* [Task brief]: Quote the data below in full, minus the images.

* [Given data]:
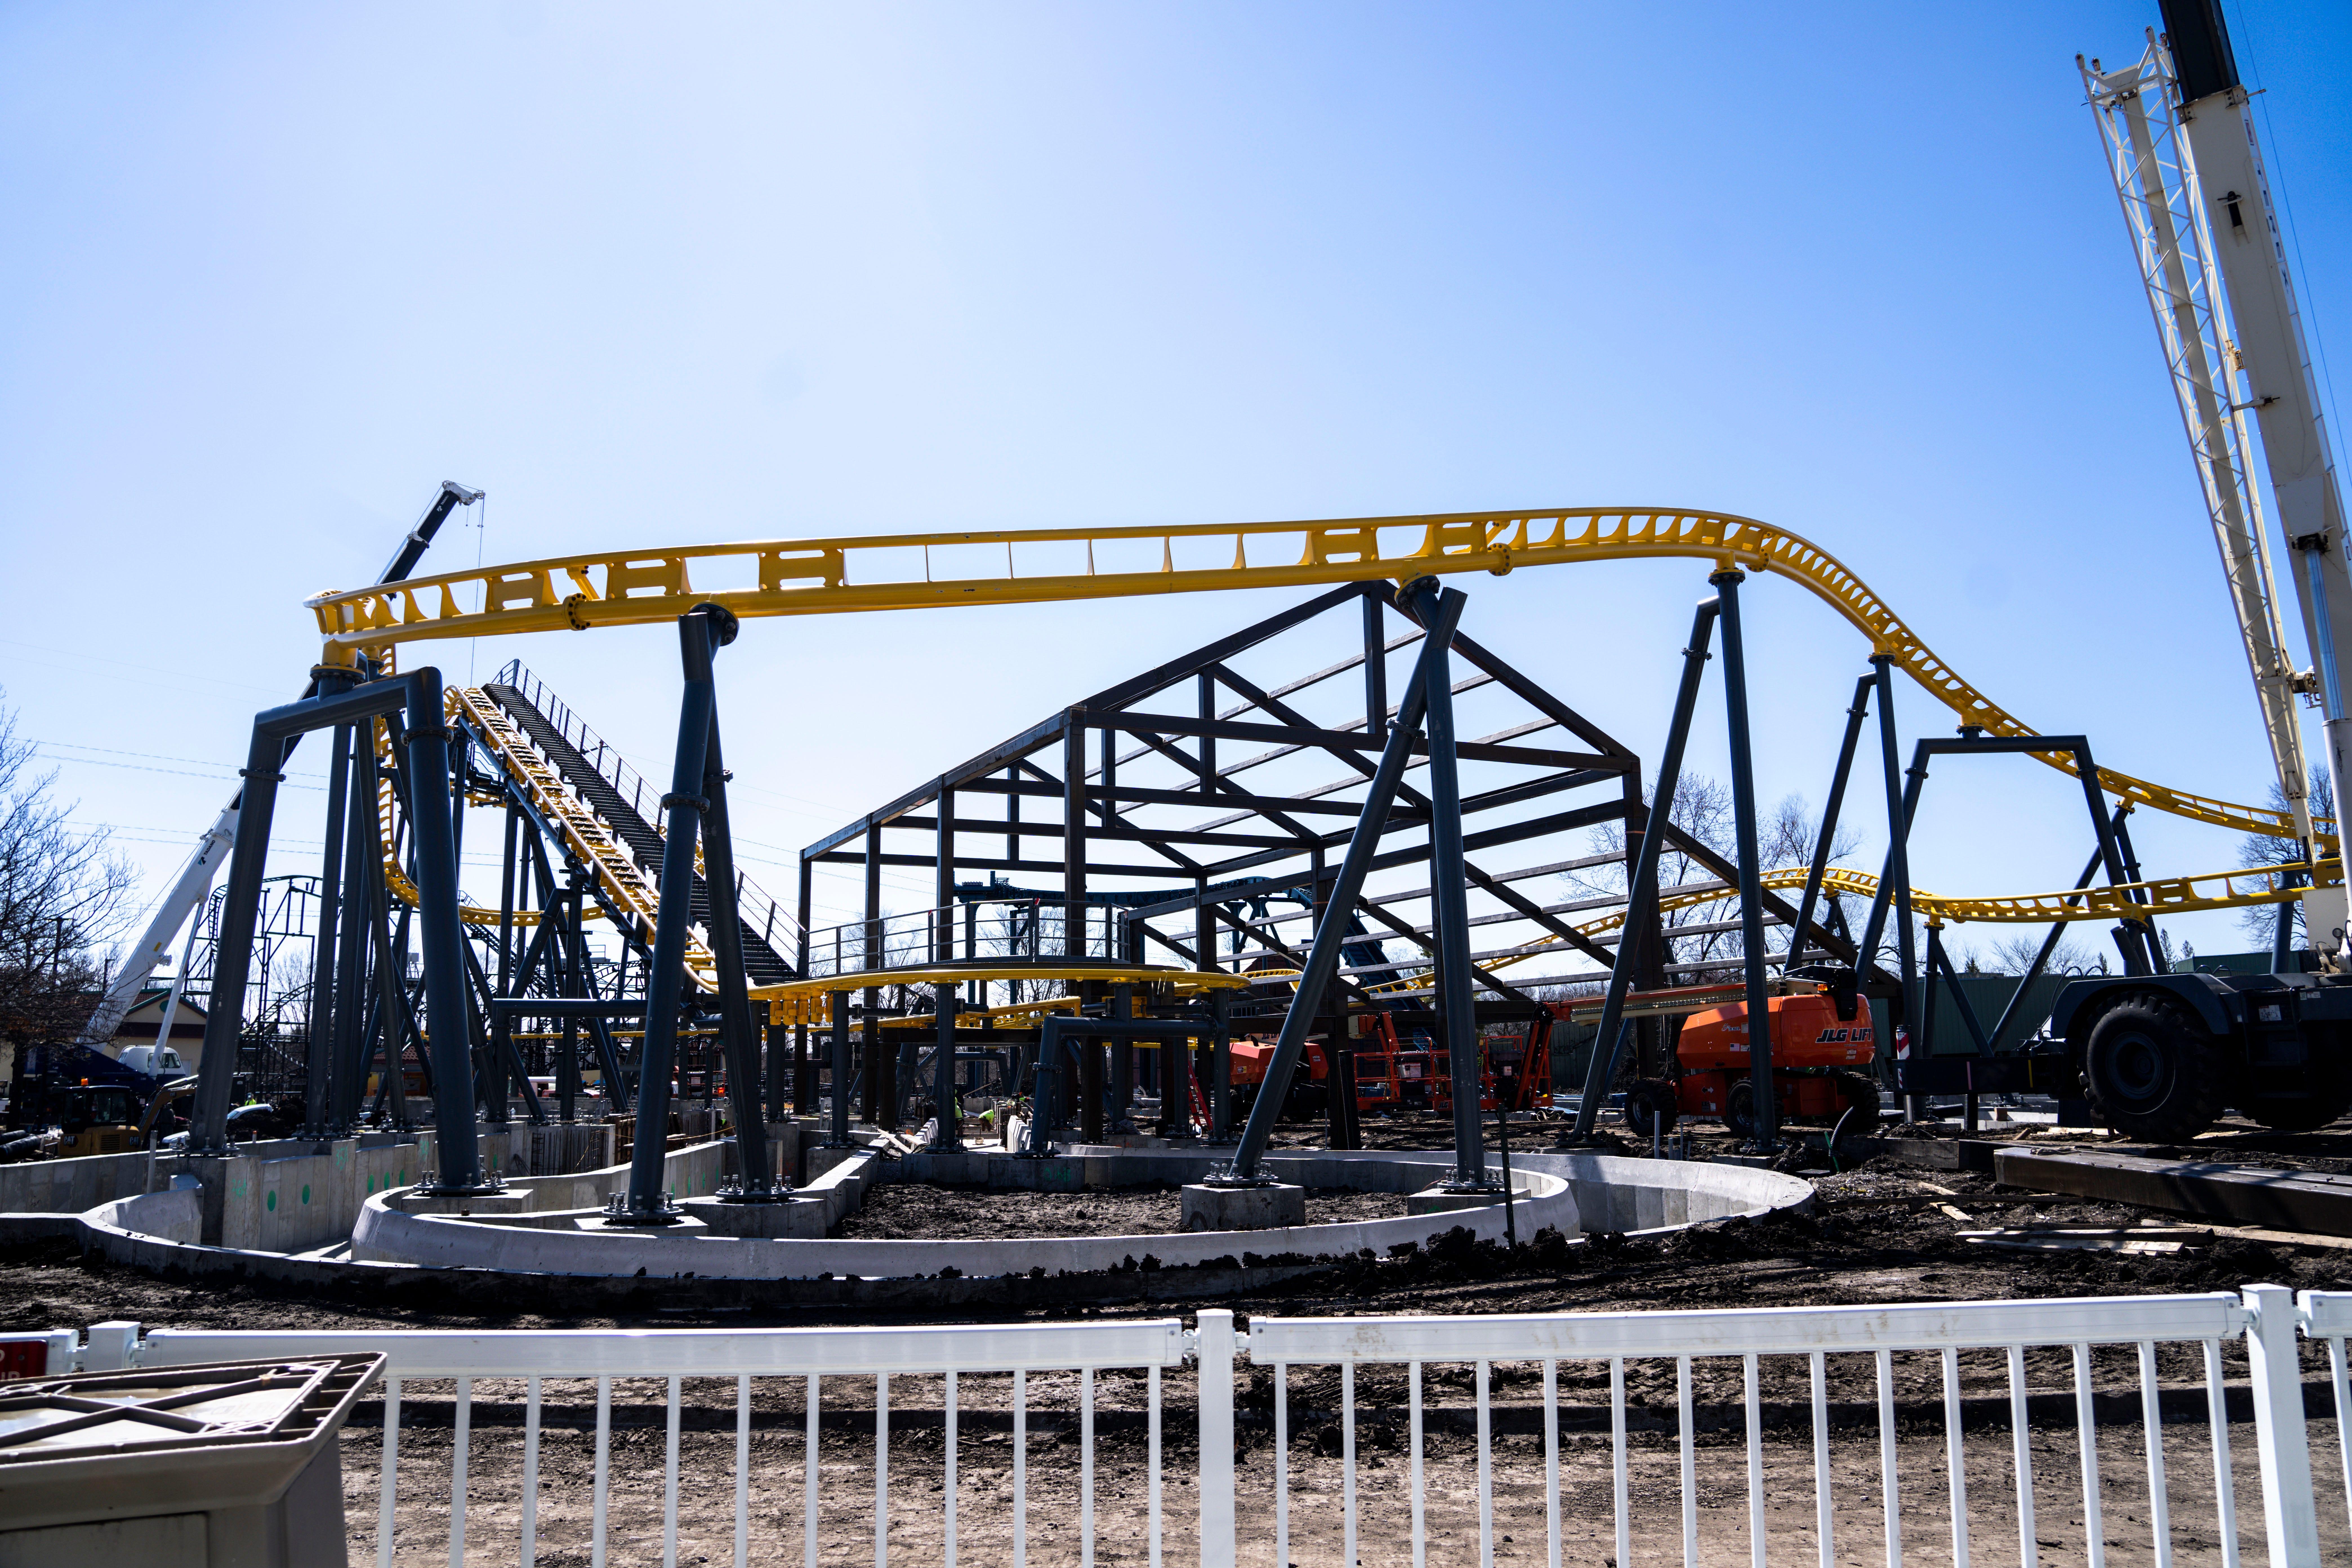 Construction continues on the Flying Viking roller coaster and Draken Falls log ride during a media tour at Adventureland Park in Altoona.
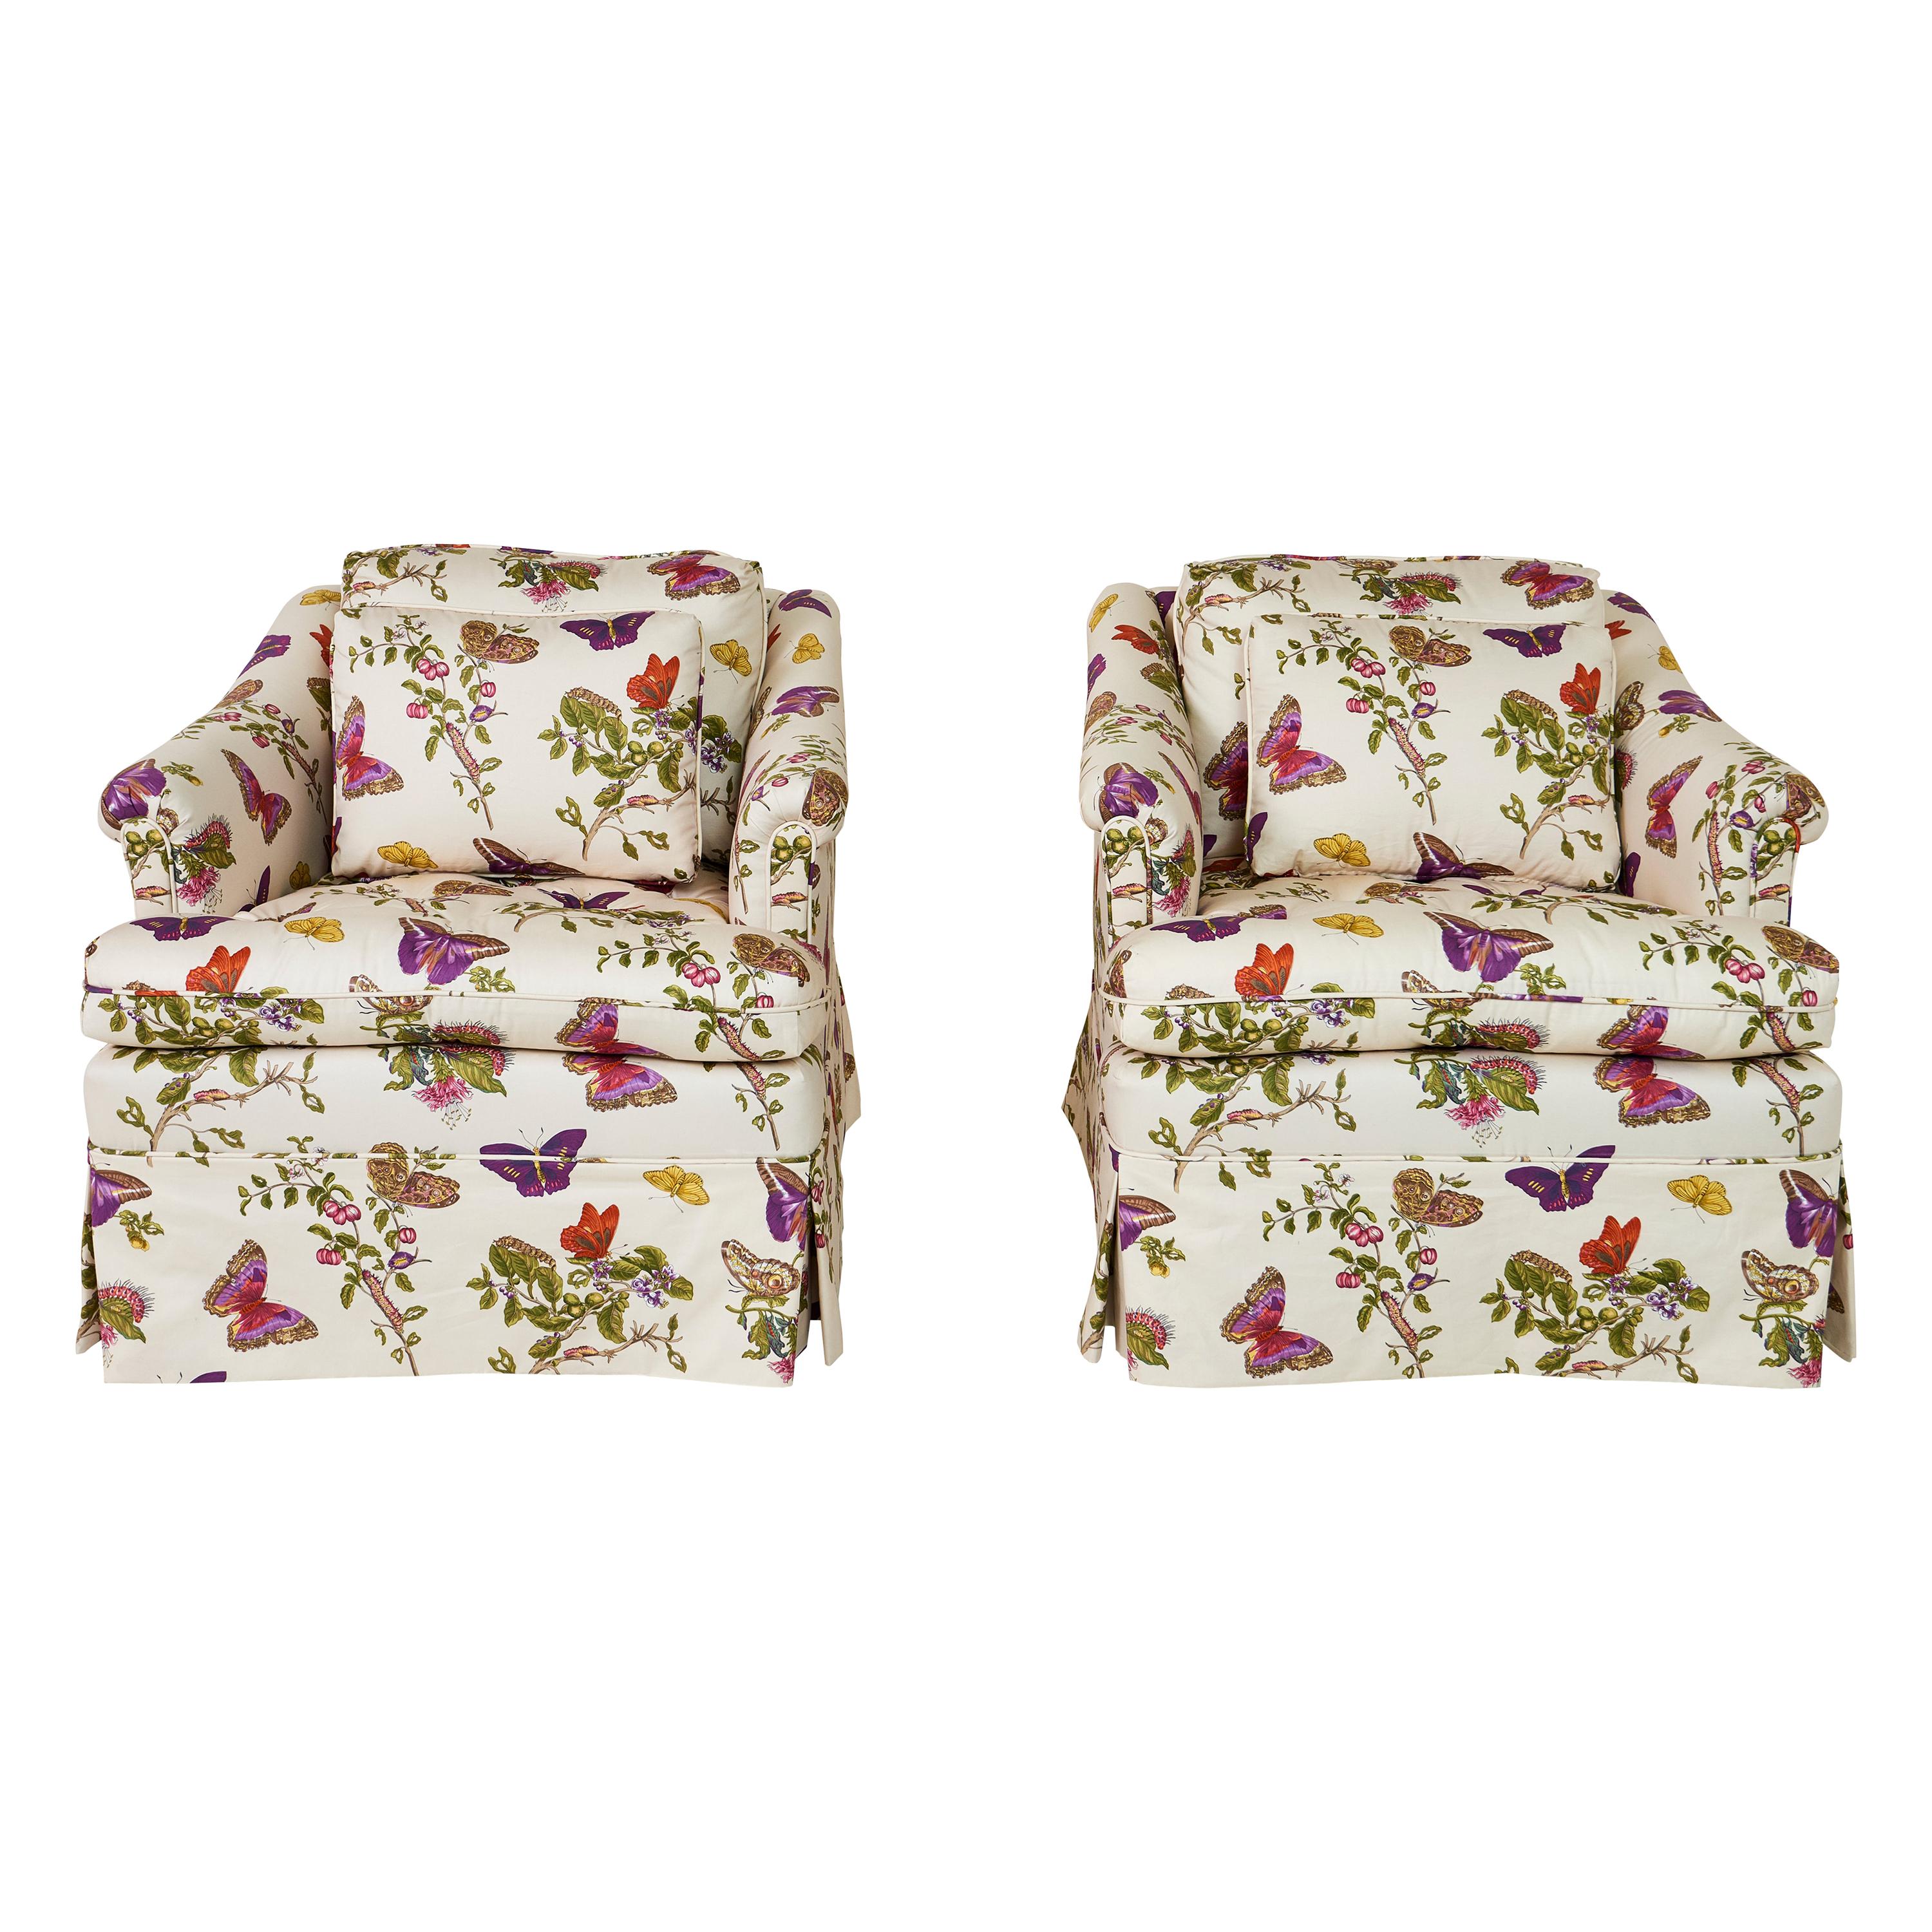 Pair of Midcentury Chairs Upholstered in Schumacher's Baudin Butterfly Chintz
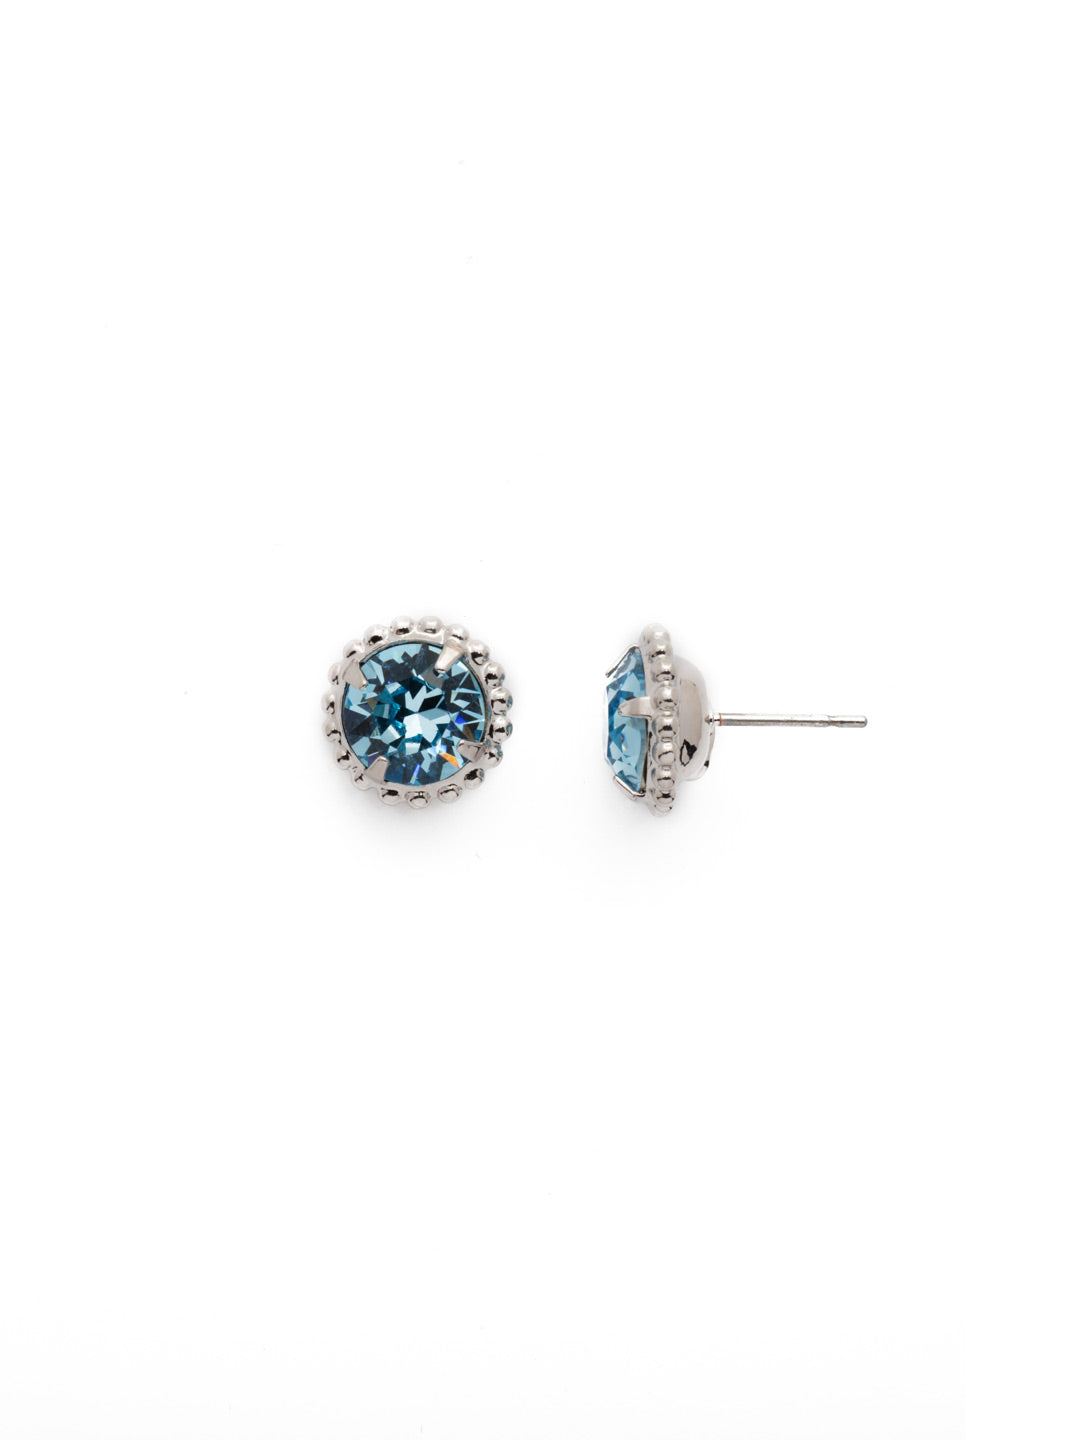 Simplicity Stud Earrings - EBY38RHAQU - <p>A timeless classic, the Simplicity Stud Earrings feature round cut crystals in a variety of colors; accented with a halo of metal beaded detail. Need help picking a stud? <a href="https://www.sorrelli.com/blogs/sisterhood/round-stud-earrings-101-a-rundown-of-sizes-styles-and-sparkle">Check out our size guide!</a> From Sorrelli's Aquamarine collection in our Palladium Silver-tone finish.</p>

* [Solution below]:
 Construction continues on the Flying Viking roller coaster and Draken Falls log ride during a media tour at Adventureland Park in Altoona.
 Pair of Midcentury Chairs Upholstered in Schumacher's Baudin Butterfly Chintz
 Simplicity Stud Earrings - EBY38RHAQU - <p>A timeless classic, the Simplicity Stud Earrings feature round cut crystals in a variety of colors; accented with a halo of metal beaded detail. Need help picking a stud? <a href="https://www.sorrelli.com/blogs/sisterhood/round-stud-earrings-101-a-rundown-of-sizes-styles-and-sparkle">Check out our size guide!</a> From Sorrelli's Aquamarine collection in our Palladium Silver-tone finish.</p>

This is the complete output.